▶ Exercise:
Each line of the material must be repeated precisely, with the pictures left out.

------ Information provided

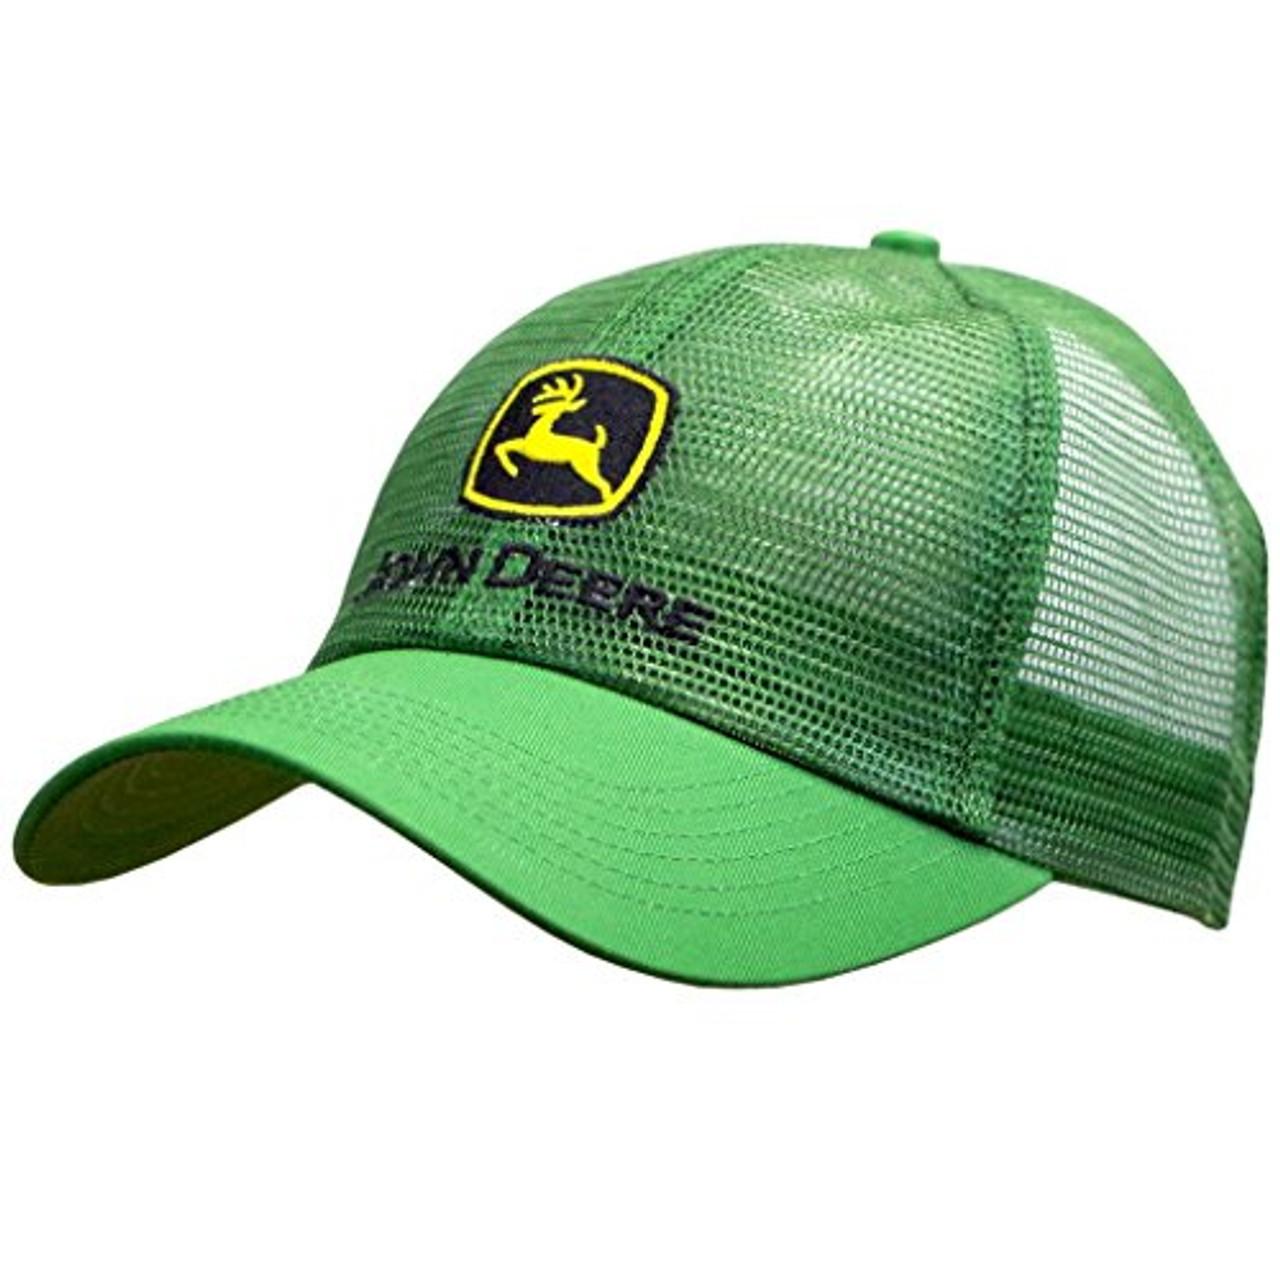 39812b46aca John Deere Classic Logo Mesh Cap - Trenz Shirt Company
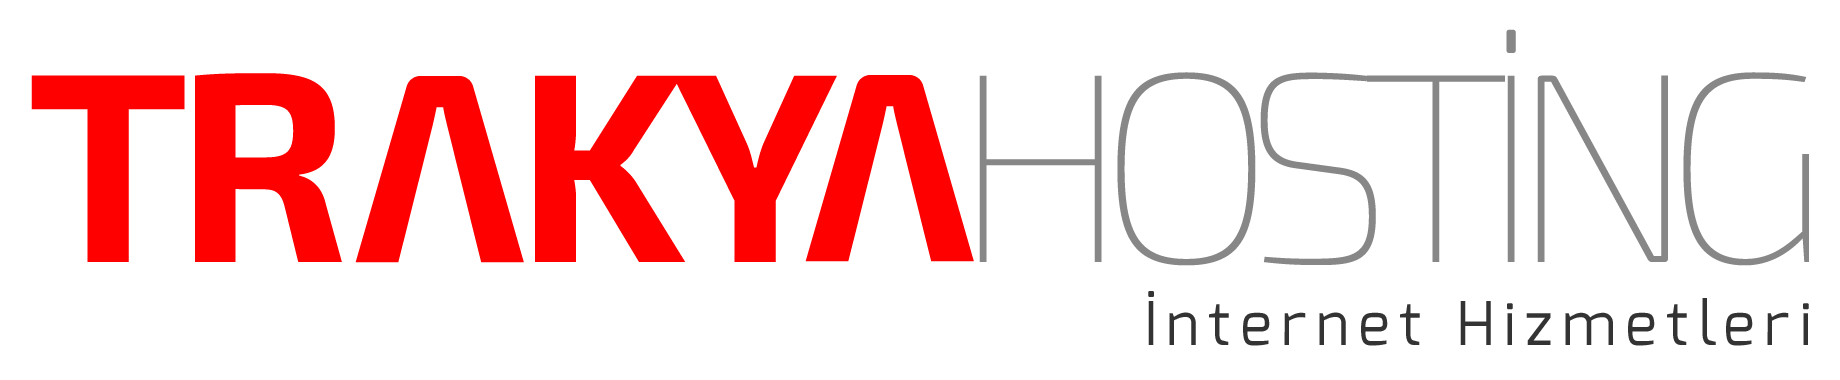 XML Entegrasyonu (Ürün Aktarma) | Trakya Hosting
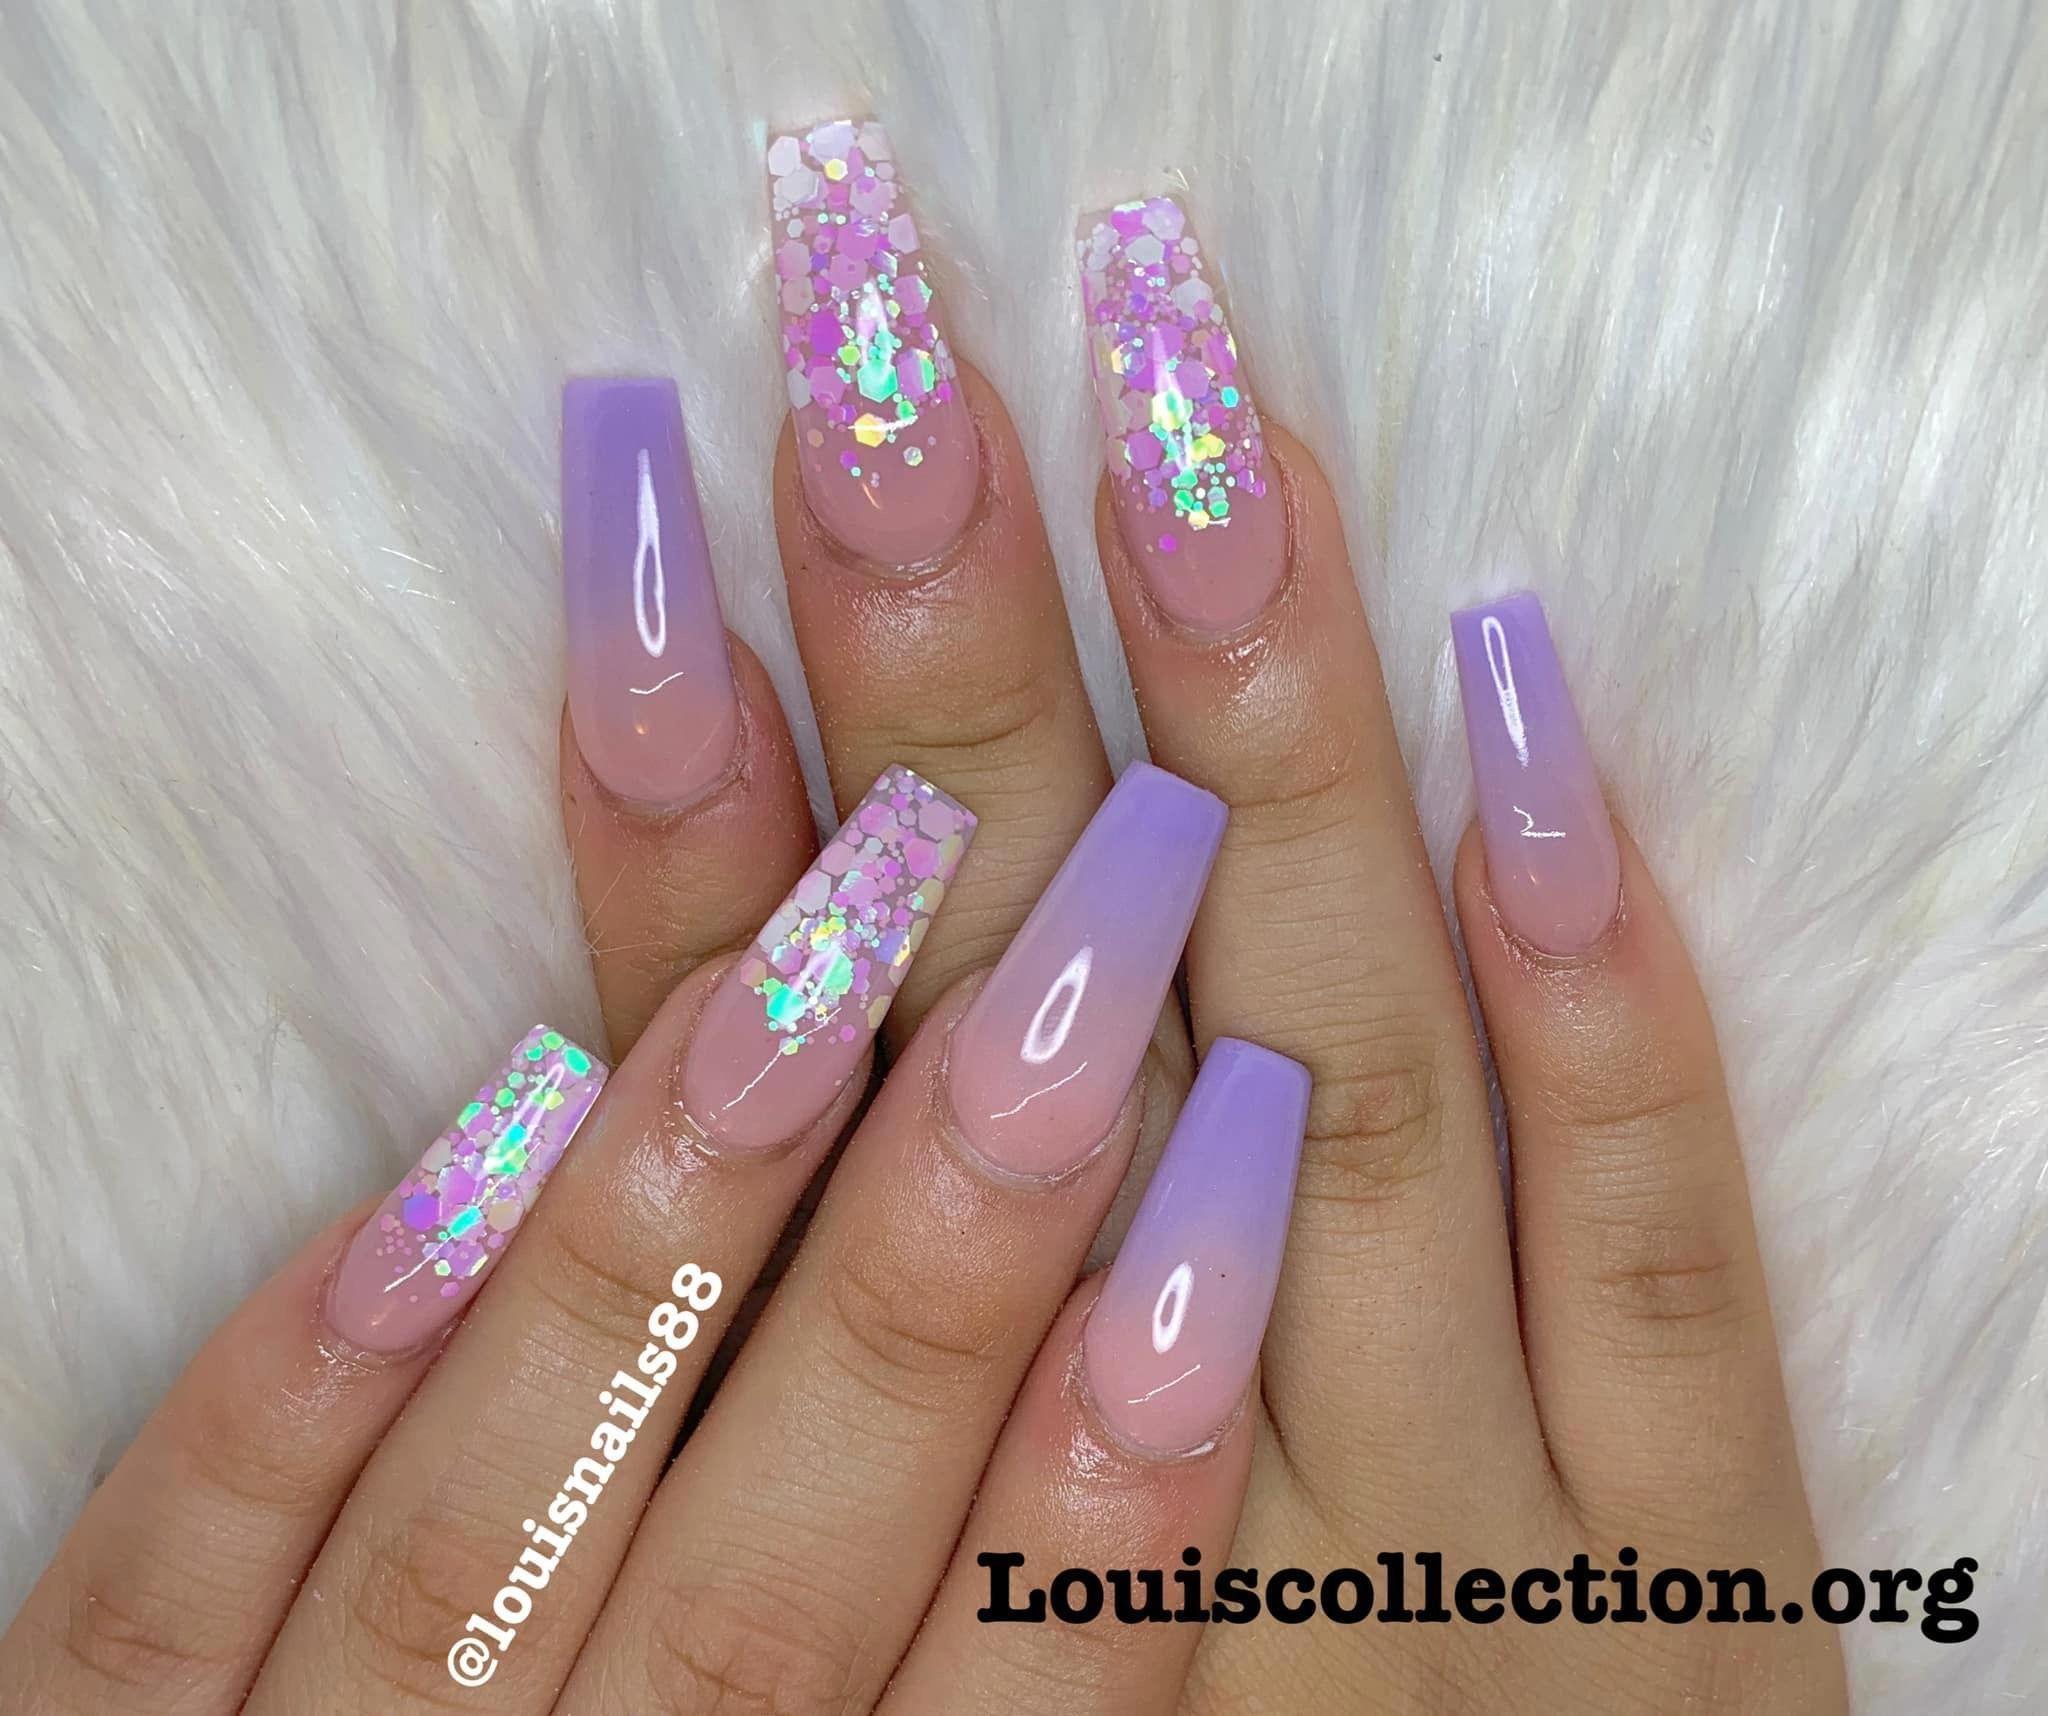 Pinterest Nail Inspo Acrylicnailsideas Glitternailsacrylic In 2020 Purple Acrylic Nails Swag Nails Ombre Acrylic Nails

------------

▶ Written reply:
 39812b46aca John Deere Classic Logo Mesh Cap - Trenz Shirt Company
 XML Entegrasyonu (Ürün Aktarma) | Trakya Hosting
 Pinterest Nail Inspo Acrylicnailsideas Glitternailsacrylic In 2020 Purple Acrylic Nails Swag Nails Ombre Acrylic Nails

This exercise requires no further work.